Bench Memos

Idiotic Claims for Scalia’s Recusal in Marriage Cases

In another bout of ASDS (Anti-Scalia Derangement Syndrome), some folks on the Left are insisting that Justice Scalia should recuse himself from the marriage cases—and even be impeached—because of his recent Princeton remarks in which, in response to a question, he explained the reasoning of his 2003 dissent in Lawrence v. Texas.

I was surprised last week to run across this article entitled “Should Scalia step aside in gay marriage cases?” I was pleased, though, to discover that Alison Frankel, the author of the article, fairly presented the right answer: “I put the question to six prominent Supreme Court litigators. They were unanimous: There’s no reason whatsoever for Scalia to recuse himself from the gay marriage cases the court has agreed to review.” As law professor Alan Morrison states, “You can’t recuse somebody because they’ve expressed prior views in judicial opinions.” It follows, as Morrison recognizes, that a justice isn’t obligated to recuse himself for explaining the views that he has expressed in previous opinions.

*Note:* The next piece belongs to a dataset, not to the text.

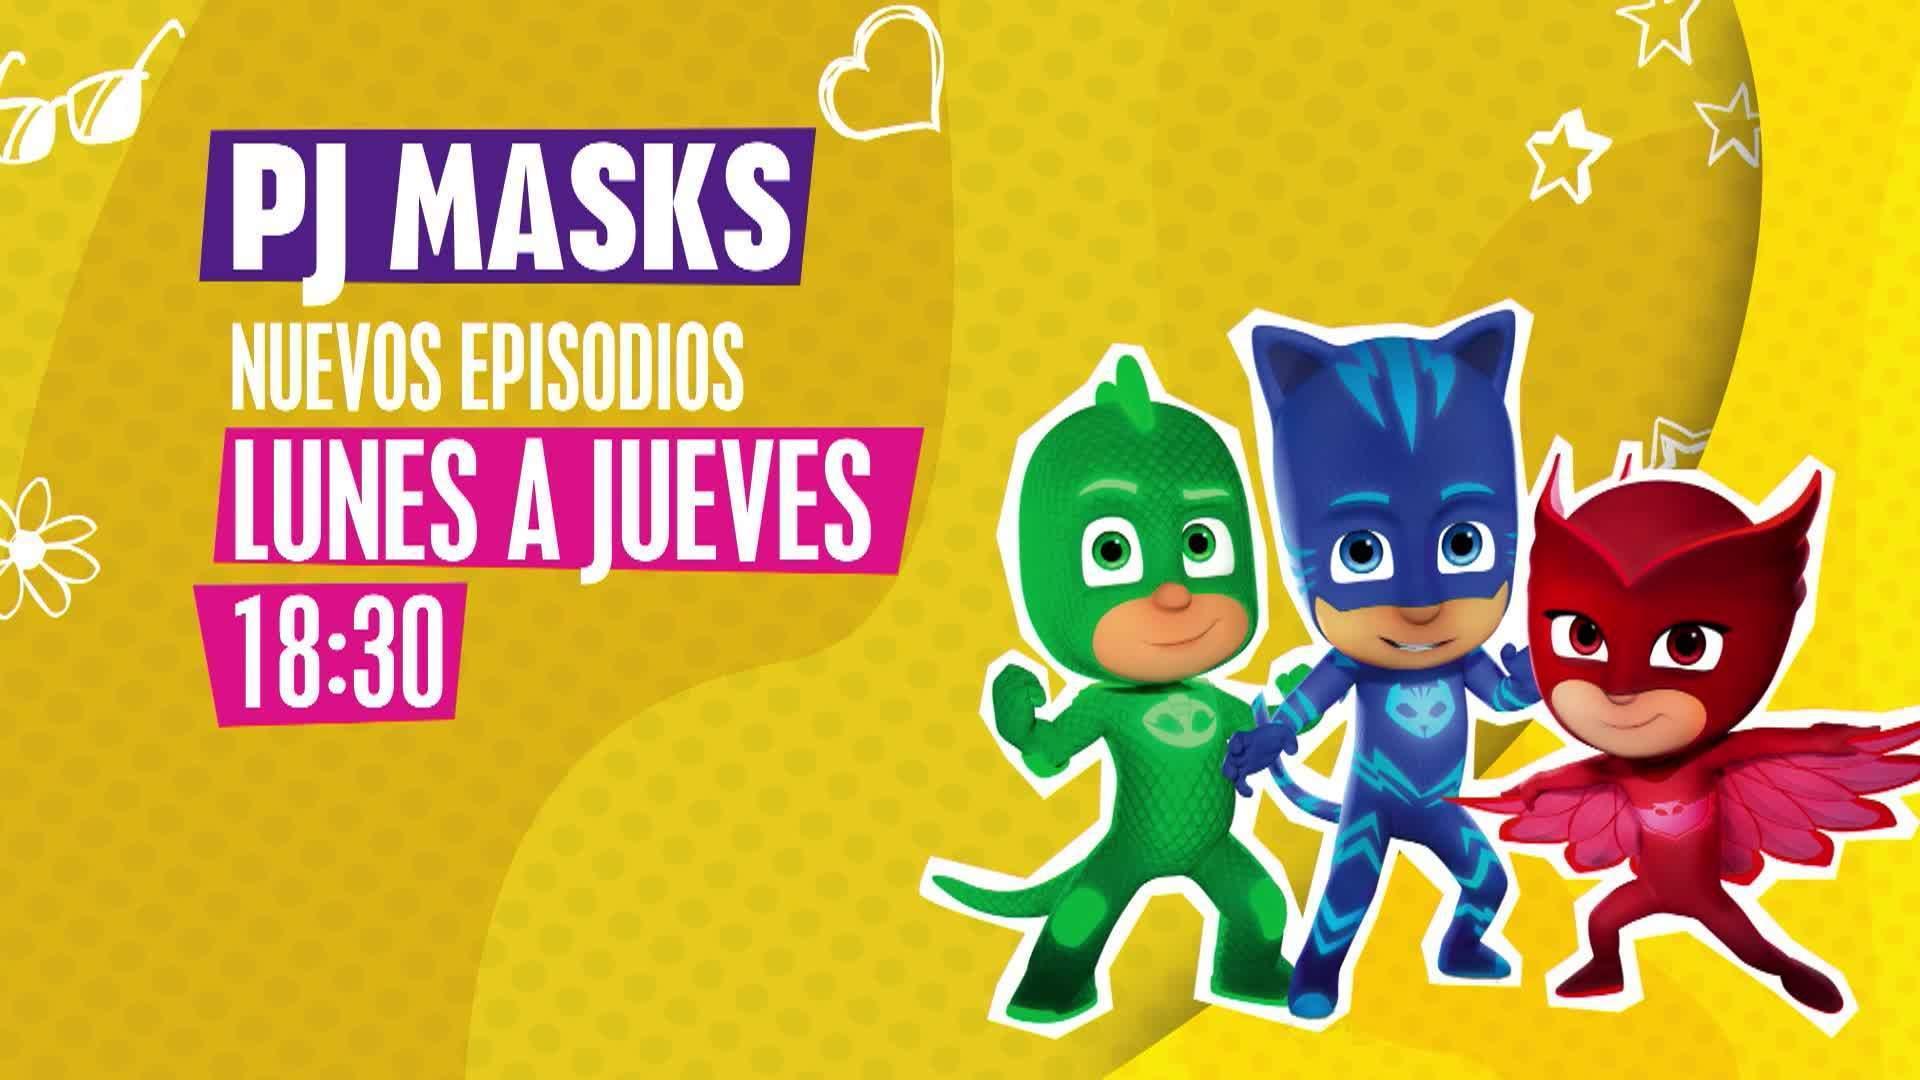 """¡Nuevos episodios de """"PJ Masks""""!"""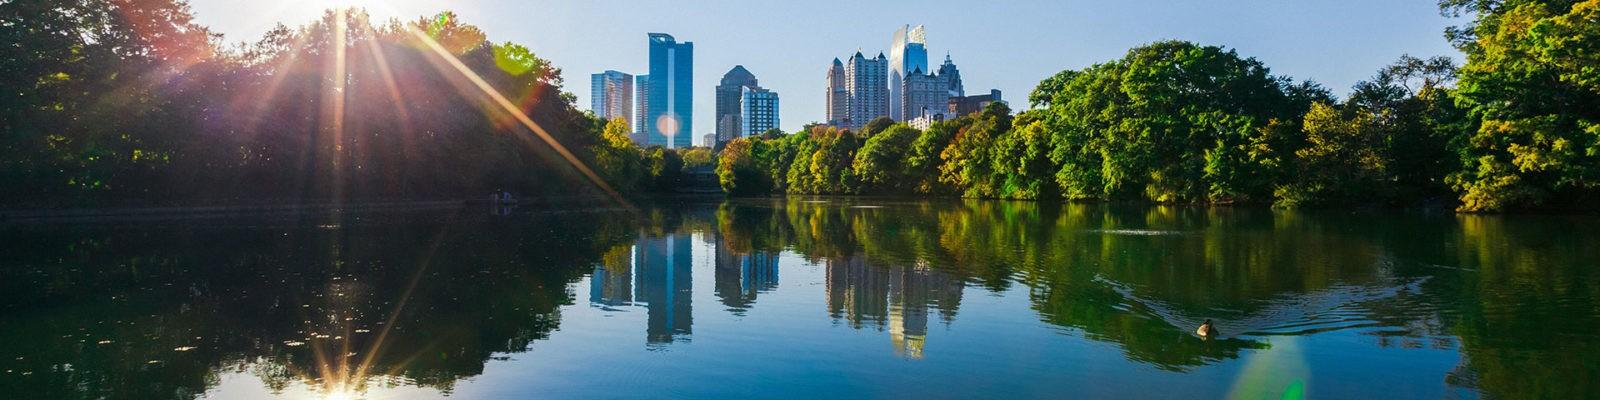 Город Атланта. Достопримечательности столицы Джорджии

That simple point hasn’t stopped the crazies. Law professor David R. Dow, whose poor reading comprehension evidently matches his poor reasoning ability, falsely claims that Scalia “said homosexuality is immoral in the same way that murder is immoral.” The article that Dow links to doesn’t support his claim. As Matt Franck explained more fully last week, Scalia’s point in his dissent, which he spelled out at Princeton, “was that if the operative premise of the Court’s reasoning is that the moral conviction of the community is an insufficient ground for legislation, there is no constitutional basis for a great many laws we all agree are valid, and that have no other basis than the community’s moral conviction.”

Michael Russnow and Bill Press rest their recusal claims on falsehoods akin to Dow’s. (As is often the case, I’ve relied on the indispensable How Appealing blog in learning of these inanities.)